Metrics
Prometheus Metrics
The kubecloudscaler operator exposes custom Prometheus metrics on the same endpoint as controller-runtime metrics. All metrics use the kubecloudscaler_ namespace prefix.
Exposed Metrics
kubecloudscaler_reconcile_total
Counter of reconciliation runs by controller and result.
| Label | Possible values | Description |
|---|---|---|
controller | k8s_scaler, gcp_scaler, flow | Controller that ran the reconciliation |
result | success, critical_error, recoverable_error | Reconciliation outcome |
Example queries:
- Error rate by controller:
rate(kubecloudscaler_reconcile_total{result=~"critical_error|recoverable_error"}[5m]) / rate(kubecloudscaler_reconcile_total[5m]) - Successful K8s reconciliations:
rate(kubecloudscaler_reconcile_total{controller="k8s_scaler", result="success"}[5m])
kubecloudscaler_reconcile_duration_seconds
Histogram of reconciliation duration in seconds, by controller.
| Label | Possible values | Description |
|---|---|---|
controller | k8s_scaler, gcp_scaler, flow | Controller |
Buckets: 0.001, 0.0025, 0.00625, … up to ~14.5s (exponential ×2.5).
Example queries:
- K8s reconciliation duration P95:
histogram_quantile(0.95, rate(kubecloudscaler_reconcile_duration_seconds_bucket{controller="k8s_scaler"}[5m])) - Average duration by controller:
rate(kubecloudscaler_reconcile_duration_seconds_sum[5m]) / rate(kubecloudscaler_reconcile_duration_seconds_count[5m])
kubecloudscaler_scaling_operations_total
Counter of scaling operations (success or failure) by controller, resource kind, and result.
| Label | Possible values | Description |
|---|---|---|
controller | k8s_scaler, gcp_scaler | Controller (Flow does not scale directly) |
resource_kind | e.g. deployments, statefulsets, cronjobs, hpa, github-ars, vm-instances | Target resource type |
result | success, failed | Scaling operation result |
Example queries:
- Scaling failure rate by kind:
rate(kubecloudscaler_scaling_operations_total{result="failed"}[5m]) / (rate(kubecloudscaler_scaling_operations_total[5m]) or vector(0)) - Successful scaling volume by kind:
sum by (resource_kind) (rate(kubecloudscaler_scaling_operations_total{result="success"}[5m]))
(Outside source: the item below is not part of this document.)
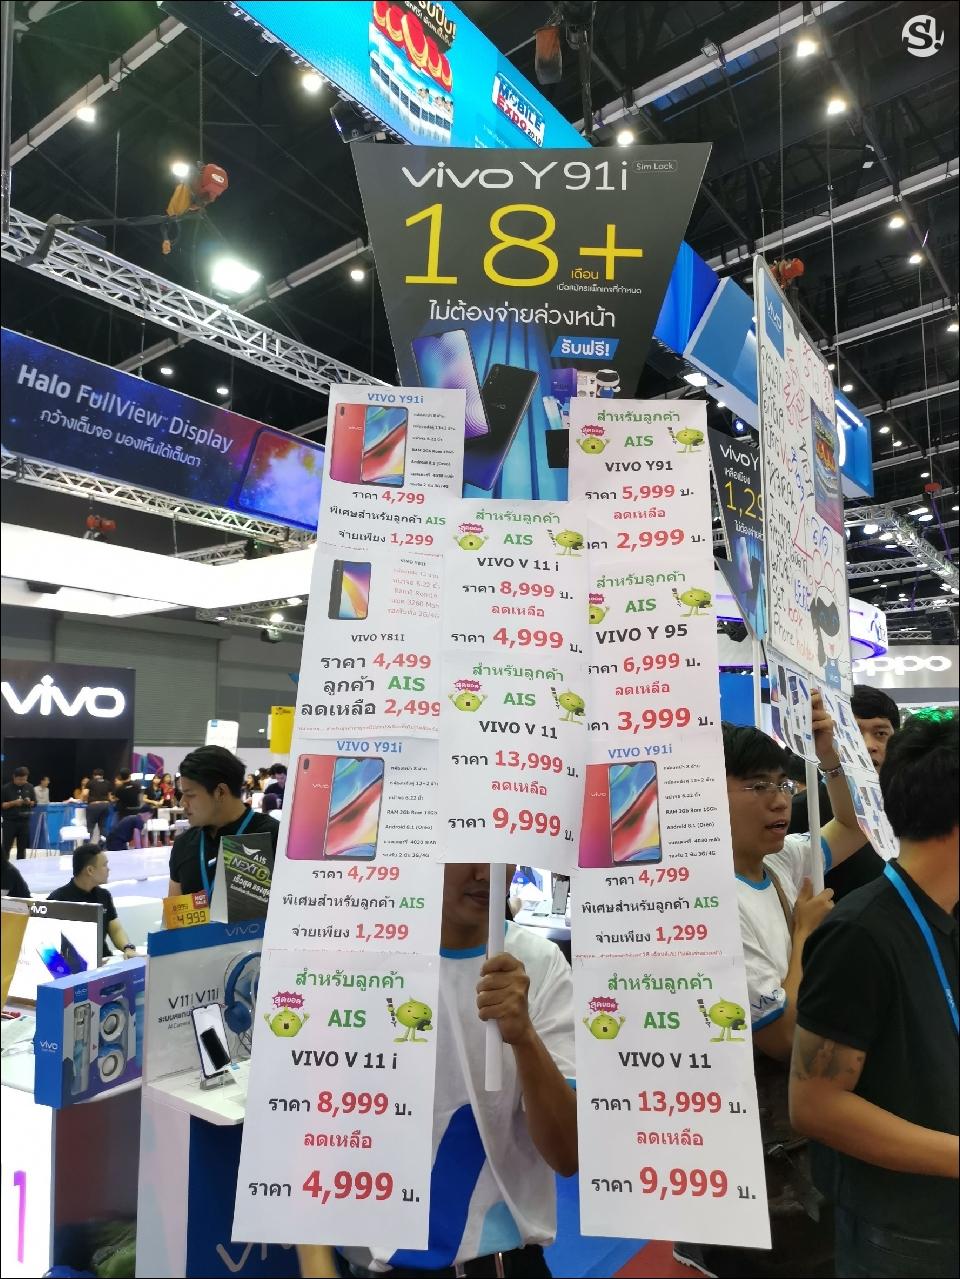 รวมโปรโมชั่นเด็ดจากบูธ Truemove H ในงาน Thailand Mobile Expo 2019

kubecloudscaler_period_activations_total
Counter of times a period was considered active, by controller and period type.
| Label | Possible values | Description |
|---|---|---|
controller | k8s_scaler, gcp_scaler | Controller (Flow does not evaluate periods) |
period_type | up, down, noaction | Active period type (scale up, scale down, or none) |
Example queries:
- Reconciliations with “up” period:
rate(kubecloudscaler_period_activations_total{period_type="up"}[5m]) - Breakdown by up/down/noaction:
sum by (period_type) (rate(kubecloudscaler_period_activations_total[5m]))
Registration and Disabling
- Metrics are registered with the default Prometheus registry (
prometheus.DefaultRegisterer) at startup viametrics.Init()incmd/main.go. No extra configuration is required. - In tests,
DefaultRecorderremains a no-op untilInit()is called; controllers usemetrics.GetRecorder(), so real metrics are not recorded when tests do not callInit().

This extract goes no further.